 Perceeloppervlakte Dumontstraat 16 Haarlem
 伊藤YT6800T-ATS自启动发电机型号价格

---

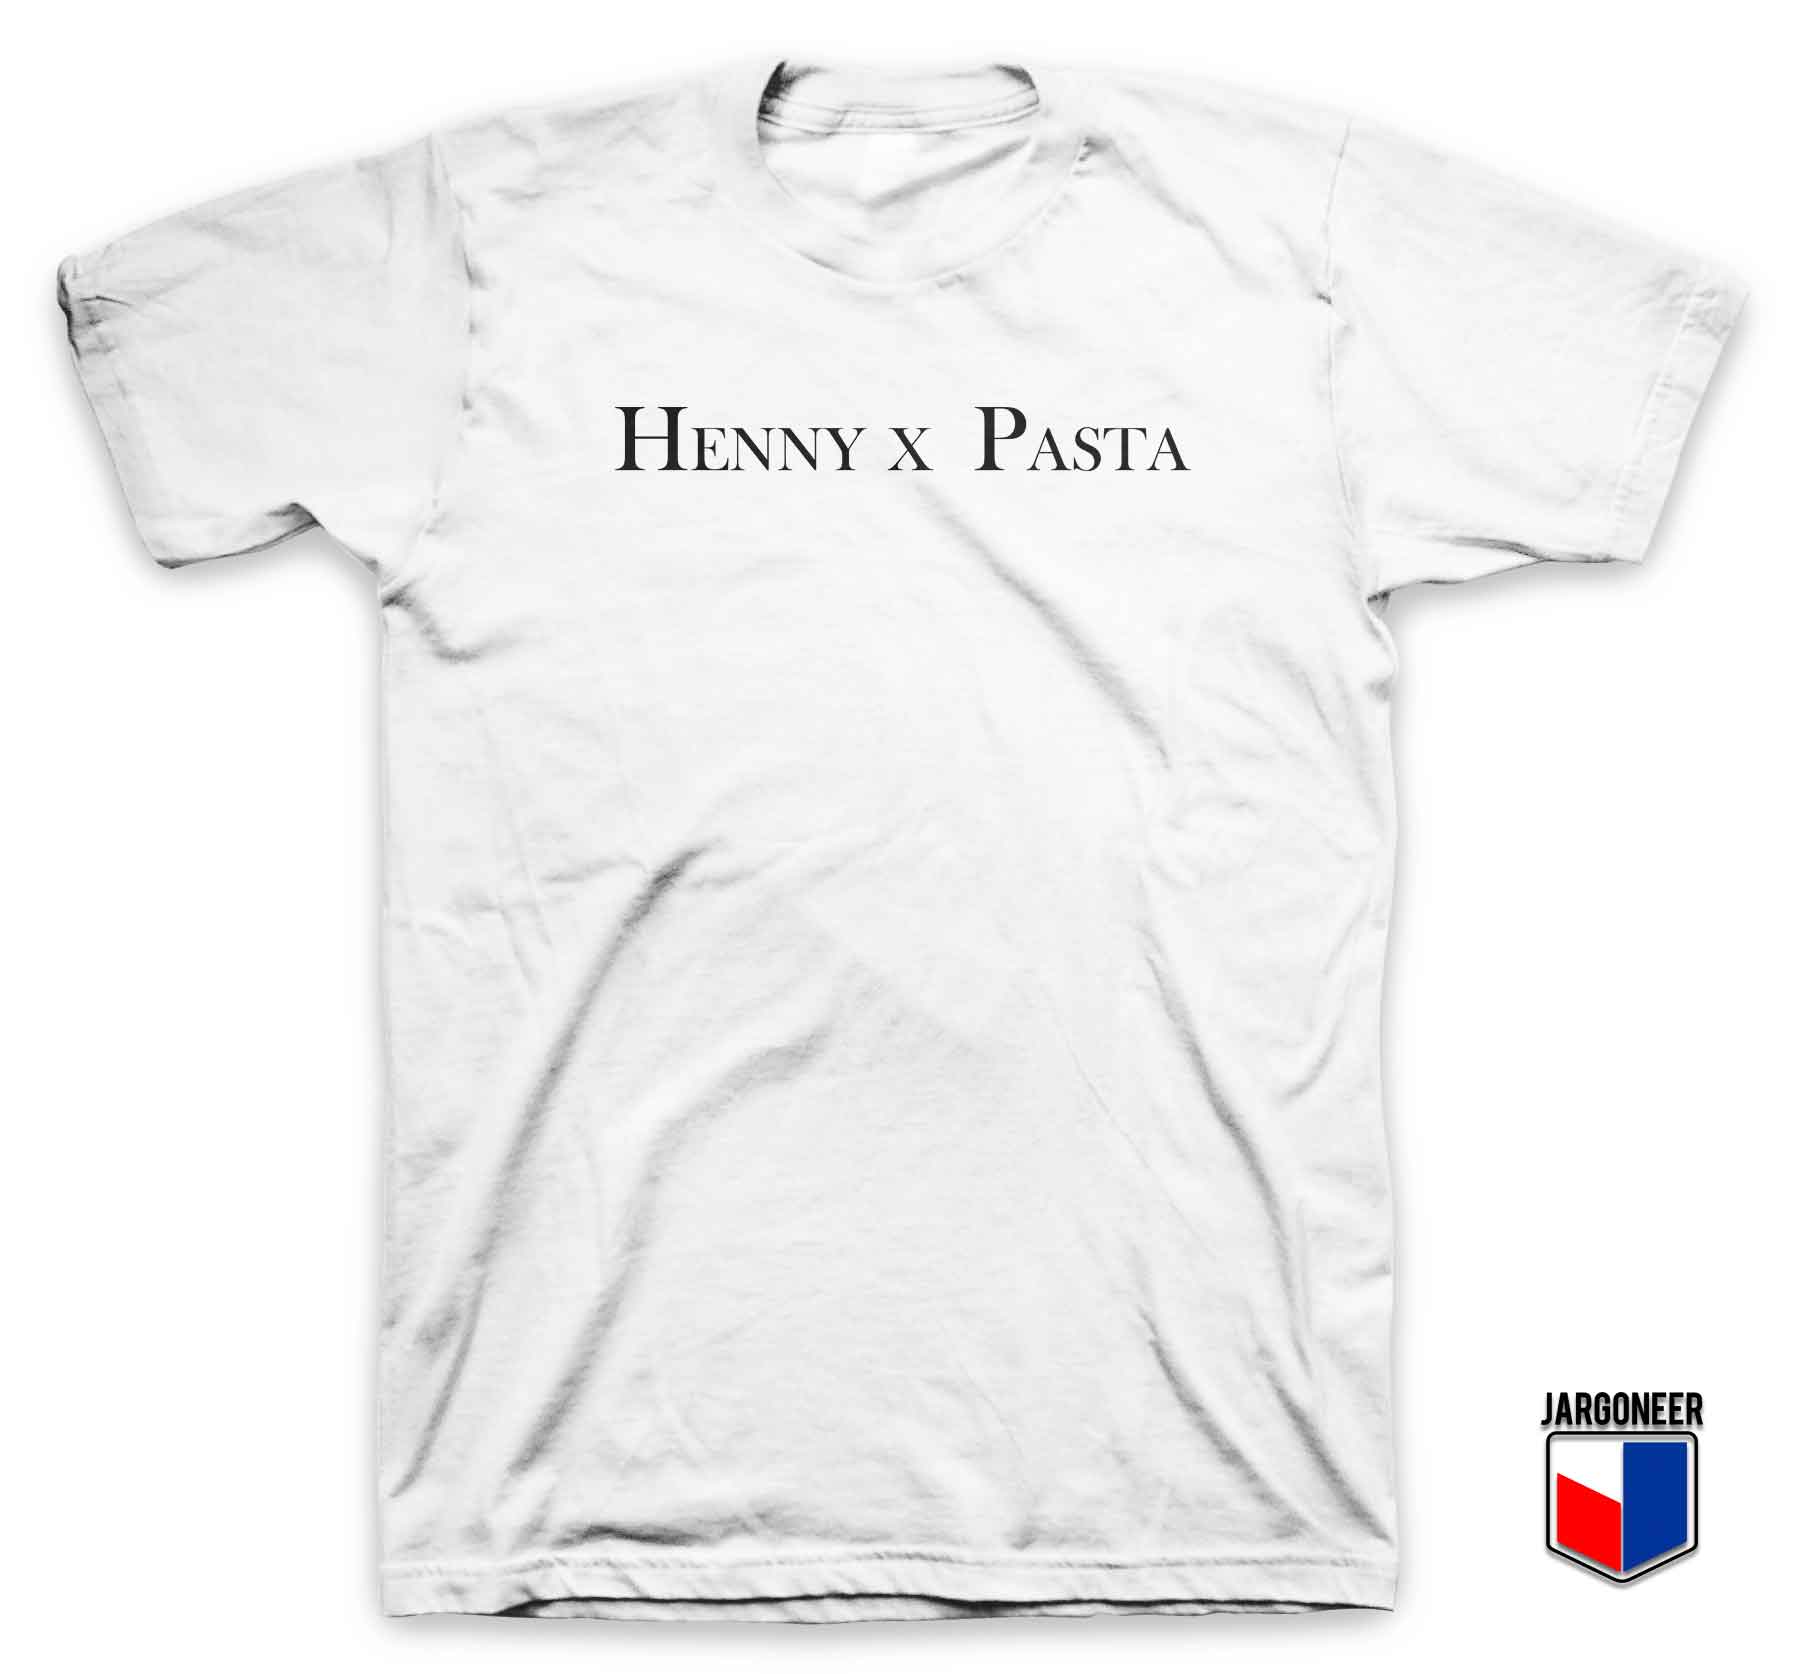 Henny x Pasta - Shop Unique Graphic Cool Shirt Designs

_Your assignment:_ Could you reproduce exactly the lines of the entries above, from the one with "Perceeloppervlakte Dumontstraat 16 Haarlem" through the one with "伊藤YT6800T-ATS自启动发电机型号价格", and nothing else?

_Solved problem:_
 Perceeloppervlakte Dumontstraat 16 Haarlem
 伊藤YT6800T-ATS自启动发电机型号价格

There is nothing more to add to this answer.